Raimondo Scoppa (March 22, 1820, Naples - after 1890) was an Italian painter of historical subjects and landscapes.

==Life and work==
He attended the Accademia di Belle Arti in Naples, where he studied with Gabriele Smargiassi, one of the leaders of the School of Posillipo. His debut came at the Bourbon Exhibition of 1841, with a view of the main pier at the Port of Naples. He would be a regular participant in the biennial exhibitions from 1843 to 1859, the final one held before Italian Unification.

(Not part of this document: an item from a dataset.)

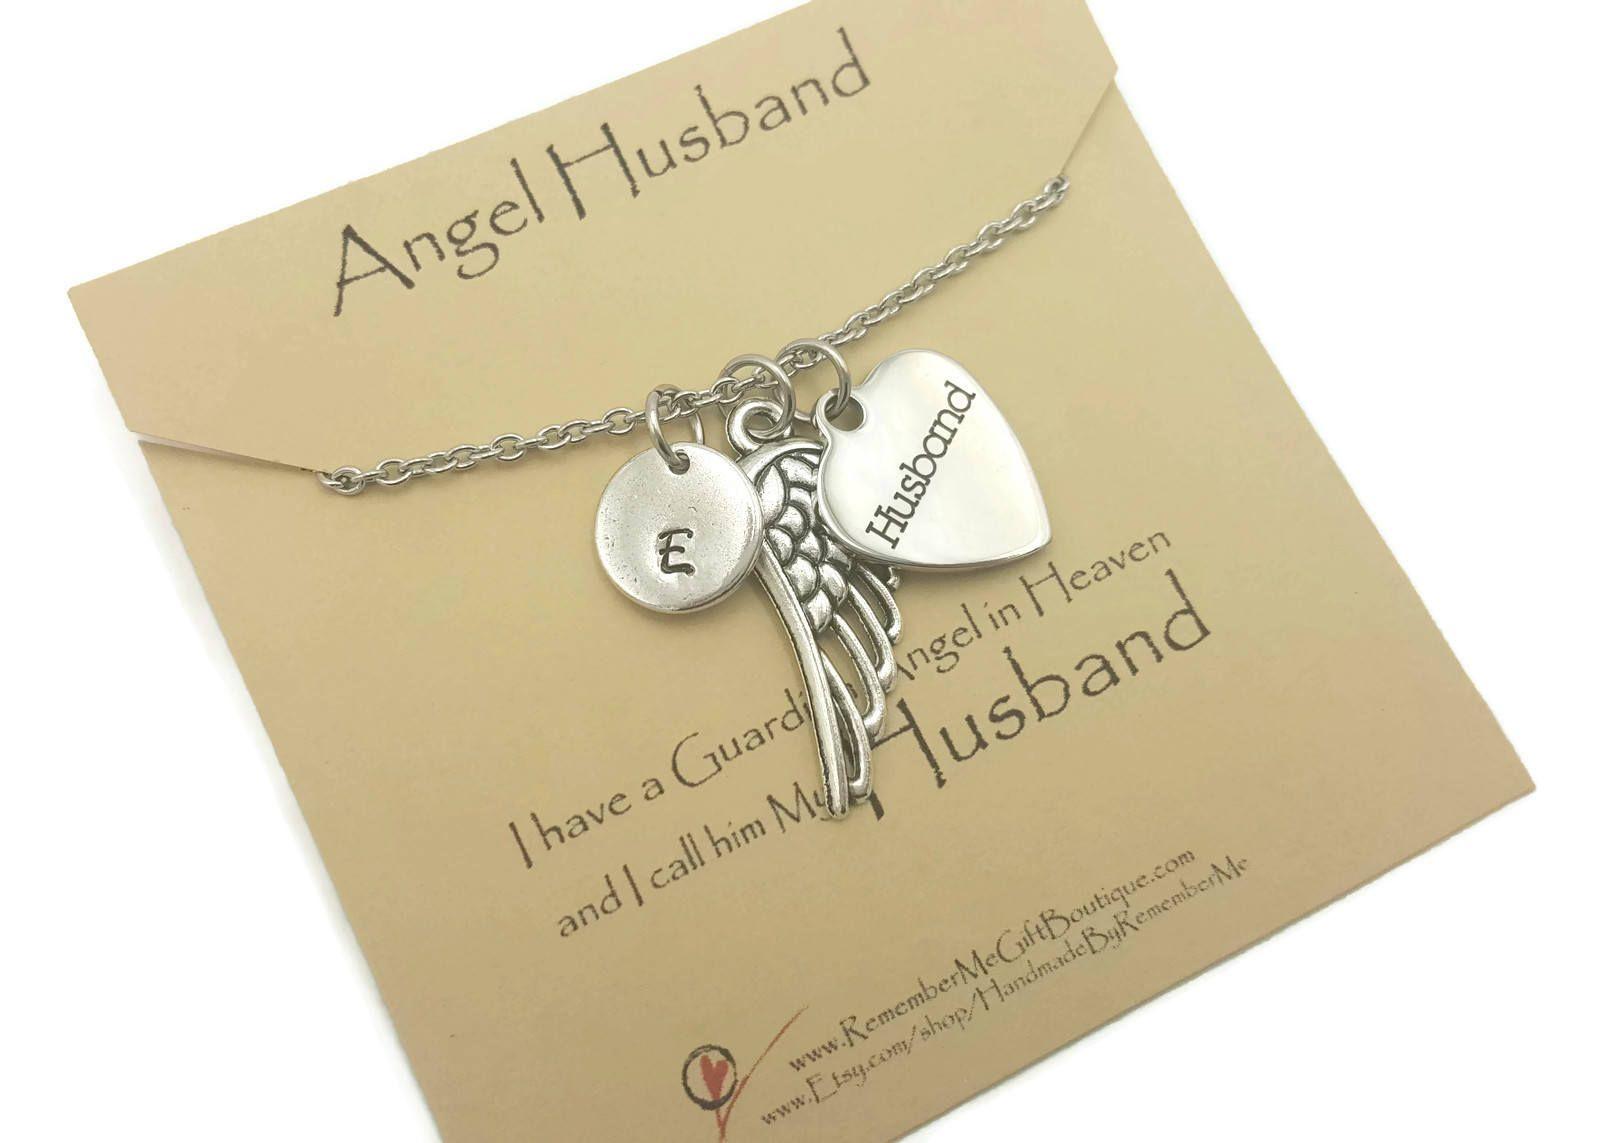 Loss of husband in memory gifts sympathy gift husband
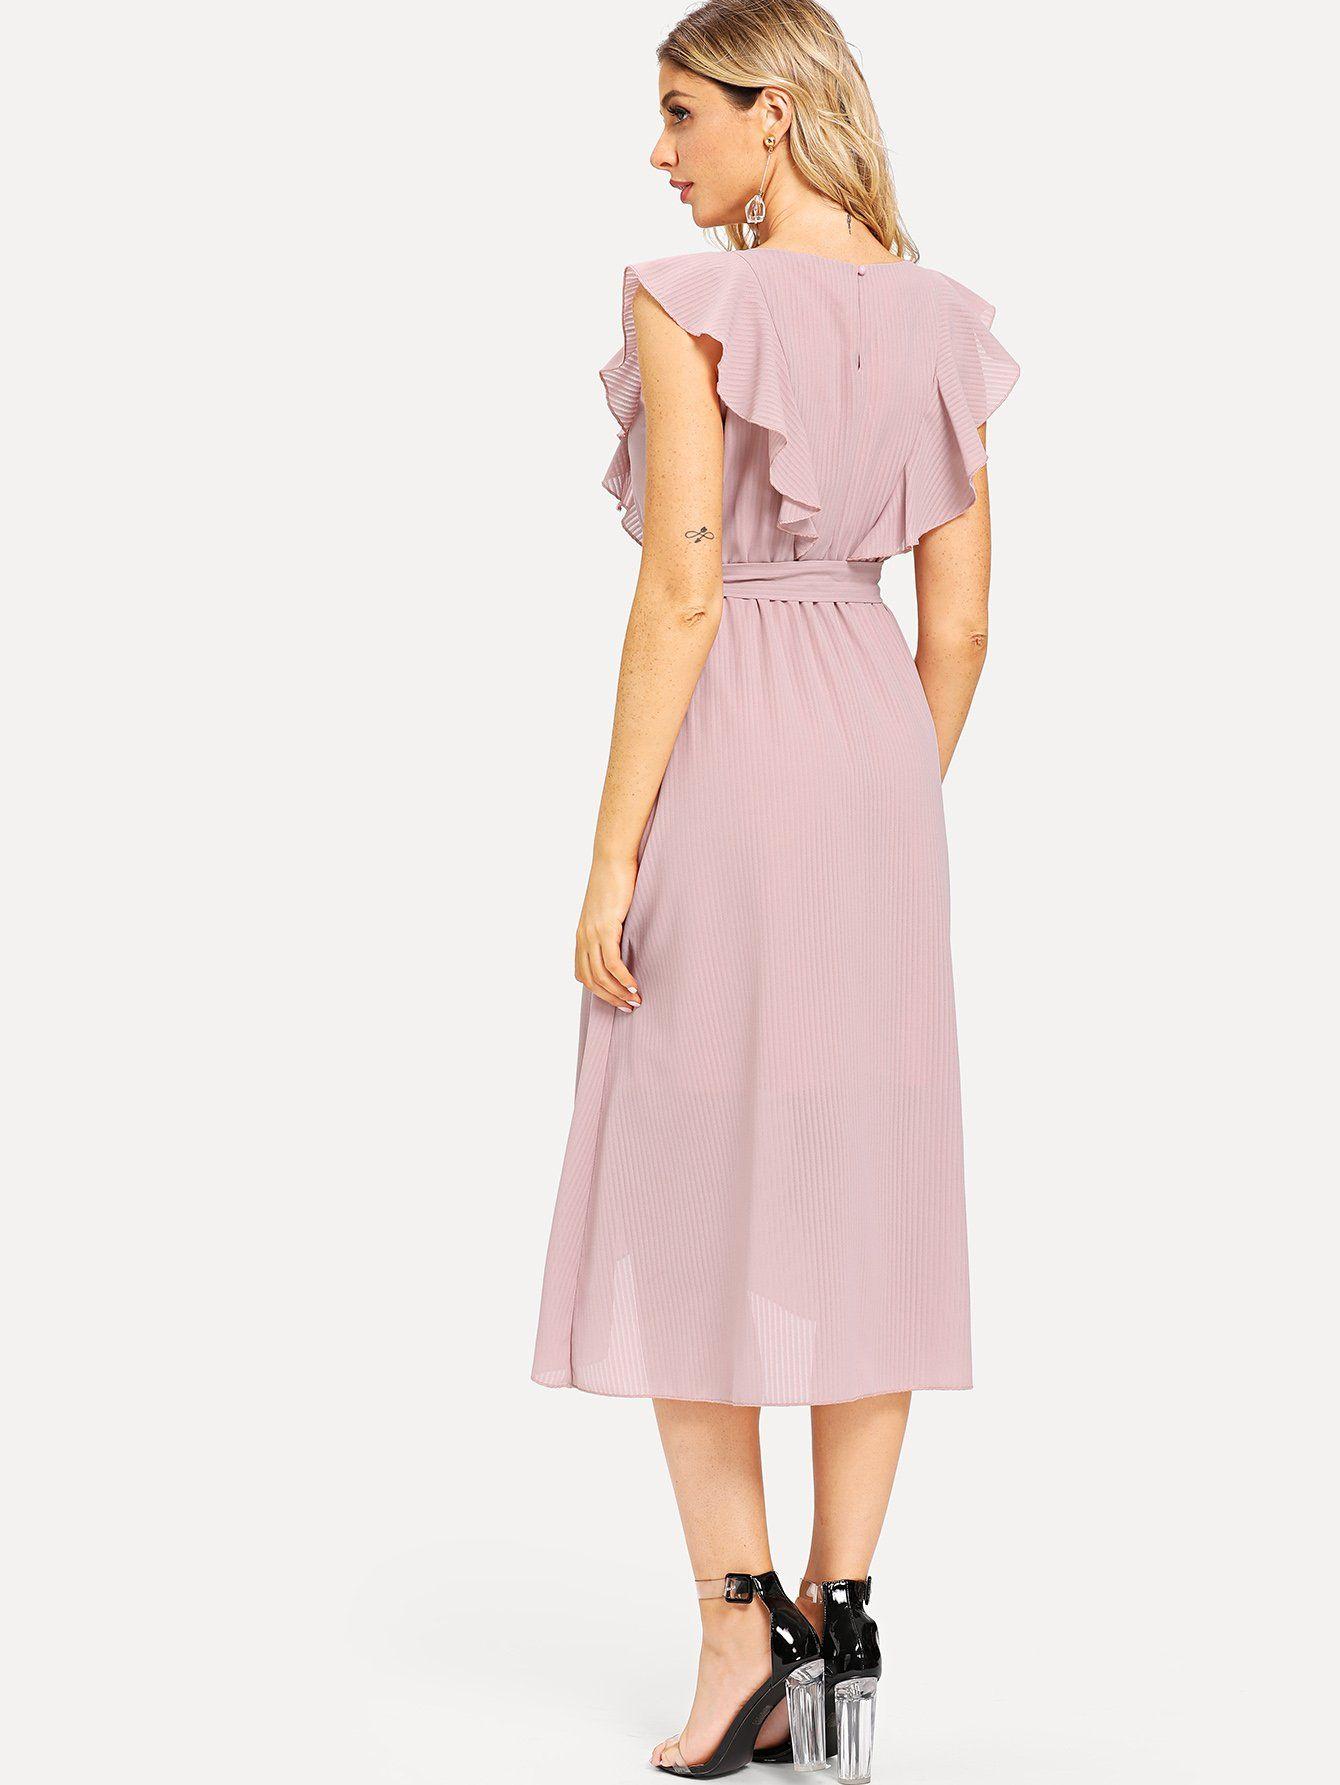 7fb82b2795 Flounce Trim Asymmetrical Wrap Hem Belted Dress -SheIn(Sheinside ...

The most notable works he exhibited include The Ideal Battle (1851), set in the late Middle Ages, The Prayer in the Garden (1855), and Bice led to the Castle of Rosate (1859), a painting inspired by Marco Visconti, a novel by Tommaso Grossi. It was awarded a gold medal and is now kept at the Palazzo del Circolo della Stampa .

He also painted The Cliff of Capo d'Urso (1854), commissioned by the Bourbon King Ferdinand II, and now in the Royal Palace of Naples.

During his later years, he focused on seascapes and historical landscapes with contemporary additions. From 1862 to 1884 he was a regular exhibitor at the "Society for the Promotion of the Fine Arts", as well as at exhibitions in Florence, Milan, Genoa and Turin. His son Gustavo also became a landscape painter.